━━━ Data section ━━━
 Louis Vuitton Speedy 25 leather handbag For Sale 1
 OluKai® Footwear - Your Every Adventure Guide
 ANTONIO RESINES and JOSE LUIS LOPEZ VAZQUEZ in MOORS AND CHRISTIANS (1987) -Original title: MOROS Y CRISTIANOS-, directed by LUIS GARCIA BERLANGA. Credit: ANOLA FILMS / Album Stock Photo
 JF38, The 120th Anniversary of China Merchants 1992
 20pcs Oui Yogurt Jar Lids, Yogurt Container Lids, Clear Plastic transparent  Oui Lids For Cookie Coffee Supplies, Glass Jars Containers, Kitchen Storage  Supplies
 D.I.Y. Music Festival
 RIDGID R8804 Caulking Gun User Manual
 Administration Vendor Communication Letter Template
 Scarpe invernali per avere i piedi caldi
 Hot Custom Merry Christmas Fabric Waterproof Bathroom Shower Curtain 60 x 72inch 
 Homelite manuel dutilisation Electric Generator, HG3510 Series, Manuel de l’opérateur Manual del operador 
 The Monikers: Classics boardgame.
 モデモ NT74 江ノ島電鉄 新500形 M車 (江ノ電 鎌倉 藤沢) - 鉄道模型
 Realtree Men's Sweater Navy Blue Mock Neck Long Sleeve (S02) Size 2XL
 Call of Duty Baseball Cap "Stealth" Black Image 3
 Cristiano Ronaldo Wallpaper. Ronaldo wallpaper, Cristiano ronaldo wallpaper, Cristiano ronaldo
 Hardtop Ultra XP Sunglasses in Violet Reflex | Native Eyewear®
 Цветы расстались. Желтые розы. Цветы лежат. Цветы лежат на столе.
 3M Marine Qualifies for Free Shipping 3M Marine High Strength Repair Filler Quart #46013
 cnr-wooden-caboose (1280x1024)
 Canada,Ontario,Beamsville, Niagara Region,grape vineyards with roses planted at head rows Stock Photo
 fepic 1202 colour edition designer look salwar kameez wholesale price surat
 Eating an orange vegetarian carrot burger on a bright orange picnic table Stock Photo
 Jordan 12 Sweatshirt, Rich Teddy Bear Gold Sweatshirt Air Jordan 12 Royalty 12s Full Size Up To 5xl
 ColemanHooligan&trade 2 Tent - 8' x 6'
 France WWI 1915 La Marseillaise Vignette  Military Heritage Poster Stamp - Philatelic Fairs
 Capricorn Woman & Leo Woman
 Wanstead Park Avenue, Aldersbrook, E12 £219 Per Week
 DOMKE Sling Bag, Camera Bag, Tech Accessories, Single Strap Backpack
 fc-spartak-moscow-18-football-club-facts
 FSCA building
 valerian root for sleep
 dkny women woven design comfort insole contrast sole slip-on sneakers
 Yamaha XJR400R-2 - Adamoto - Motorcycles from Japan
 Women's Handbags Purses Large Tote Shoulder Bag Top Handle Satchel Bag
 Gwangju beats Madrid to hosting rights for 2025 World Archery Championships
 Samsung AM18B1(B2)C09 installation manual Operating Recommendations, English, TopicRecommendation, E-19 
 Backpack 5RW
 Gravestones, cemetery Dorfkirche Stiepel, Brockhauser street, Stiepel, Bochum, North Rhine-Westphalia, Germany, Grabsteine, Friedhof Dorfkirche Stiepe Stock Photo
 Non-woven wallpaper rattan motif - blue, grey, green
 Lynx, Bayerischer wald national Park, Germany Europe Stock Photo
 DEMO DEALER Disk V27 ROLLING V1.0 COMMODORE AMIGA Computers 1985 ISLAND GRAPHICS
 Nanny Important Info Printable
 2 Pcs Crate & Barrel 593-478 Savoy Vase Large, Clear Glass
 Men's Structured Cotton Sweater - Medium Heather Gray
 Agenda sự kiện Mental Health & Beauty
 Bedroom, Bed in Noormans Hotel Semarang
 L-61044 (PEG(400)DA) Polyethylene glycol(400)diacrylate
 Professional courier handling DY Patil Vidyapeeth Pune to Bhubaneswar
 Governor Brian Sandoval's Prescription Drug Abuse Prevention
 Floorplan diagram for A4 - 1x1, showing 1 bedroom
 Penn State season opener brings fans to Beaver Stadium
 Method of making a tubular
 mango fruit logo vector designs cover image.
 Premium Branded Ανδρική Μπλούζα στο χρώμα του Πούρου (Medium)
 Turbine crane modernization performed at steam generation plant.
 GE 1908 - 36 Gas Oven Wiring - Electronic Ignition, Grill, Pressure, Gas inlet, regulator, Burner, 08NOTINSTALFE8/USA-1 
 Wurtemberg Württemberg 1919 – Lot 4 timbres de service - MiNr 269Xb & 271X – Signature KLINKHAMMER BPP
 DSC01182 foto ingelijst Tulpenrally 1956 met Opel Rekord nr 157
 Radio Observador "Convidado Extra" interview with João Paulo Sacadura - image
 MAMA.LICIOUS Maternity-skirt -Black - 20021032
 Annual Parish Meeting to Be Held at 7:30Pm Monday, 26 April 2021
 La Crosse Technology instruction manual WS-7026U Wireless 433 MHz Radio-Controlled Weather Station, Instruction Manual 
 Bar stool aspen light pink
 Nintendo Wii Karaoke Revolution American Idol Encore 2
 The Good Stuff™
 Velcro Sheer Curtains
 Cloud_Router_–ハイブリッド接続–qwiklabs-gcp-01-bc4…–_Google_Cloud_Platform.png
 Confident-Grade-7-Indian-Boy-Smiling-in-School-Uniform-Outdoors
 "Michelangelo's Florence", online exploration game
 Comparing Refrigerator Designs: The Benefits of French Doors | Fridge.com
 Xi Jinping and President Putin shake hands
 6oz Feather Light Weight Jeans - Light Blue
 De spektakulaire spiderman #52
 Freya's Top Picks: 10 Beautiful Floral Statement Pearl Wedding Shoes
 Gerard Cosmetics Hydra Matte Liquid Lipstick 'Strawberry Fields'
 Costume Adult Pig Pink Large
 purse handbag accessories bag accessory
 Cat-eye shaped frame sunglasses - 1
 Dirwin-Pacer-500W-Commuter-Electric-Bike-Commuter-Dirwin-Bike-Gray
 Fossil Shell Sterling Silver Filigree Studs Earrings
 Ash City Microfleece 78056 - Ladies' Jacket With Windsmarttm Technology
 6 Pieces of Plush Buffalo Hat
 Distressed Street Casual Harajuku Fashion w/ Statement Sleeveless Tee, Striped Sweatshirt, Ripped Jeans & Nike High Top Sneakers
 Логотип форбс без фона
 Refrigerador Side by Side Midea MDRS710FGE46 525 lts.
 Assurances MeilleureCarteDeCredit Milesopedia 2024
━━━
## What to work on
Retype the records above in full, exactly as they appear.

## Written solution
 Louis Vuitton Speedy 25 leather handbag For Sale 1
 OluKai® Footwear - Your Every Adventure Guide
 ANTONIO RESINES and JOSE LUIS LOPEZ VAZQUEZ in MOORS AND CHRISTIANS (1987) -Original title: MOROS Y CRISTIANOS-, directed by LUIS GARCIA BERLANGA. Credit: ANOLA FILMS / Album Stock Photo
 JF38, The 120th Anniversary of China Merchants 1992
 20pcs Oui Yogurt Jar Lids, Yogurt Container Lids, Clear Plastic transparent  Oui Lids For Cookie Coffee Supplies, Glass Jars Containers, Kitchen Storage  Supplies
 D.I.Y. Music Festival
 RIDGID R8804 Caulking Gun User Manual
 Administration Vendor Communication Letter Template
 Scarpe invernali per avere i piedi caldi
 Hot Custom Merry Christmas Fabric Waterproof Bathroom Shower Curtain 60 x 72inch 
 Homelite manuel dutilisation Electric Generator, HG3510 Series, Manuel de l’opérateur Manual del operador 
 The Monikers: Classics boardgame.
 モデモ NT74 江ノ島電鉄 新500形 M車 (江ノ電 鎌倉 藤沢) - 鉄道模型
 Realtree Men's Sweater Navy Blue Mock Neck Long Sleeve (S02) Size 2XL
 Call of Duty Baseball Cap "Stealth" Black Image 3
 Cristiano Ronaldo Wallpaper. Ronaldo wallpaper, Cristiano ronaldo wallpaper, Cristiano ronaldo
 Hardtop Ultra XP Sunglasses in Violet Reflex | Native Eyewear®
 Цветы расстались. Желтые розы. Цветы лежат. Цветы лежат на столе.
 3M Marine Qualifies for Free Shipping 3M Marine High Strength Repair Filler Quart #46013
 cnr-wooden-caboose (1280x1024)
 Canada,Ontario,Beamsville, Niagara Region,grape vineyards with roses planted at head rows Stock Photo
 fepic 1202 colour edition designer look salwar kameez wholesale price surat
 Eating an orange vegetarian carrot burger on a bright orange picnic table Stock Photo
 Jordan 12 Sweatshirt, Rich Teddy Bear Gold Sweatshirt Air Jordan 12 Royalty 12s Full Size Up To 5xl
 ColemanHooligan&trade 2 Tent - 8' x 6'
 France WWI 1915 La Marseillaise Vignette  Military Heritage Poster Stamp - Philatelic Fairs
 Capricorn Woman & Leo Woman
 Wanstead Park Avenue, Aldersbrook, E12 £219 Per Week
 DOMKE Sling Bag, Camera Bag, Tech Accessories, Single Strap Backpack
 fc-spartak-moscow-18-football-club-facts
 FSCA building
 valerian root for sleep
 dkny women woven design comfort insole contrast sole slip-on sneakers
 Yamaha XJR400R-2 - Adamoto - Motorcycles from Japan
 Women's Handbags Purses Large Tote Shoulder Bag Top Handle Satchel Bag
 Gwangju beats Madrid to hosting rights for 2025 World Archery Championships
 Samsung AM18B1(B2)C09 installation manual Operating Recommendations, English, TopicRecommendation, E-19 
 Backpack 5RW
 Gravestones, cemetery Dorfkirche Stiepel, Brockhauser street, Stiepel, Bochum, North Rhine-Westphalia, Germany, Grabsteine, Friedhof Dorfkirche Stiepe Stock Photo
 Non-woven wallpaper rattan motif - blue, grey, green
 Lynx, Bayerischer wald national Park, Germany Europe Stock Photo
 DEMO DEALER Disk V27 ROLLING V1.0 COMMODORE AMIGA Computers 1985 ISLAND GRAPHICS
 Nanny Important Info Printable
 2 Pcs Crate & Barrel 593-478 Savoy Vase Large, Clear Glass
 Men's Structured Cotton Sweater - Medium Heather Gray
 Agenda sự kiện Mental Health & Beauty
 Bedroom, Bed in Noormans Hotel Semarang
 L-61044 (PEG(400)DA) Polyethylene glycol(400)diacrylate
 Professional courier handling DY Patil Vidyapeeth Pune to Bhubaneswar
 Governor Brian Sandoval's Prescription Drug Abuse Prevention
 Floorplan diagram for A4 - 1x1, showing 1 bedroom
 Penn State season opener brings fans to Beaver Stadium
 Method of making a tubular
 mango fruit logo vector designs cover image.
 Premium Branded Ανδρική Μπλούζα στο χρώμα του Πούρου (Medium)
 Turbine crane modernization performed at steam generation plant.
 GE 1908 - 36 Gas Oven Wiring - Electronic Ignition, Grill, Pressure, Gas inlet, regulator, Burner, 08NOTINSTALFE8/USA-1 
 Wurtemberg Württemberg 1919 – Lot 4 timbres de service - MiNr 269Xb & 271X – Signature KLINKHAMMER BPP
 DSC01182 foto ingelijst Tulpenrally 1956 met Opel Rekord nr 157
 Radio Observador "Convidado Extra" interview with João Paulo Sacadura - image
 MAMA.LICIOUS Maternity-skirt -Black - 20021032
 Annual Parish Meeting to Be Held at 7:30Pm Monday, 26 April 2021
 La Crosse Technology instruction manual WS-7026U Wireless 433 MHz Radio-Controlled Weather Station, Instruction Manual 
 Bar stool aspen light pink
 Nintendo Wii Karaoke Revolution American Idol Encore 2
 The Good Stuff™
 Velcro Sheer Curtains
 Cloud_Router_–ハイブリッド接続–qwiklabs-gcp-01-bc4…–_Google_Cloud_Platform.png
 Confident-Grade-7-Indian-Boy-Smiling-in-School-Uniform-Outdoors
 "Michelangelo's Florence", online exploration game
 Comparing Refrigerator Designs: The Benefits of French Doors | Fridge.com
 Xi Jinping and President Putin shake hands
 6oz Feather Light Weight Jeans - Light Blue
 De spektakulaire spiderman #52
 Freya's Top Picks: 10 Beautiful Floral Statement Pearl Wedding Shoes
 Gerard Cosmetics Hydra Matte Liquid Lipstick 'Strawberry Fields'
 Costume Adult Pig Pink Large
 purse handbag accessories bag accessory
 Cat-eye shaped frame sunglasses - 1
 Dirwin-Pacer-500W-Commuter-Electric-Bike-Commuter-Dirwin-Bike-Gray
 Fossil Shell Sterling Silver Filigree Studs Earrings
 Ash City Microfleece 78056 - Ladies' Jacket With Windsmarttm Technology
 6 Pieces of Plush Buffalo Hat
 Distressed Street Casual Harajuku Fashion w/ Statement Sleeveless Tee, Striped Sweatshirt, Ripped Jeans & Nike High Top Sneakers
 Логотип форбс без фона
 Refrigerador Side by Side Midea MDRS710FGE46 525 lts.
 Assurances MeilleureCarteDeCredit Milesopedia 2024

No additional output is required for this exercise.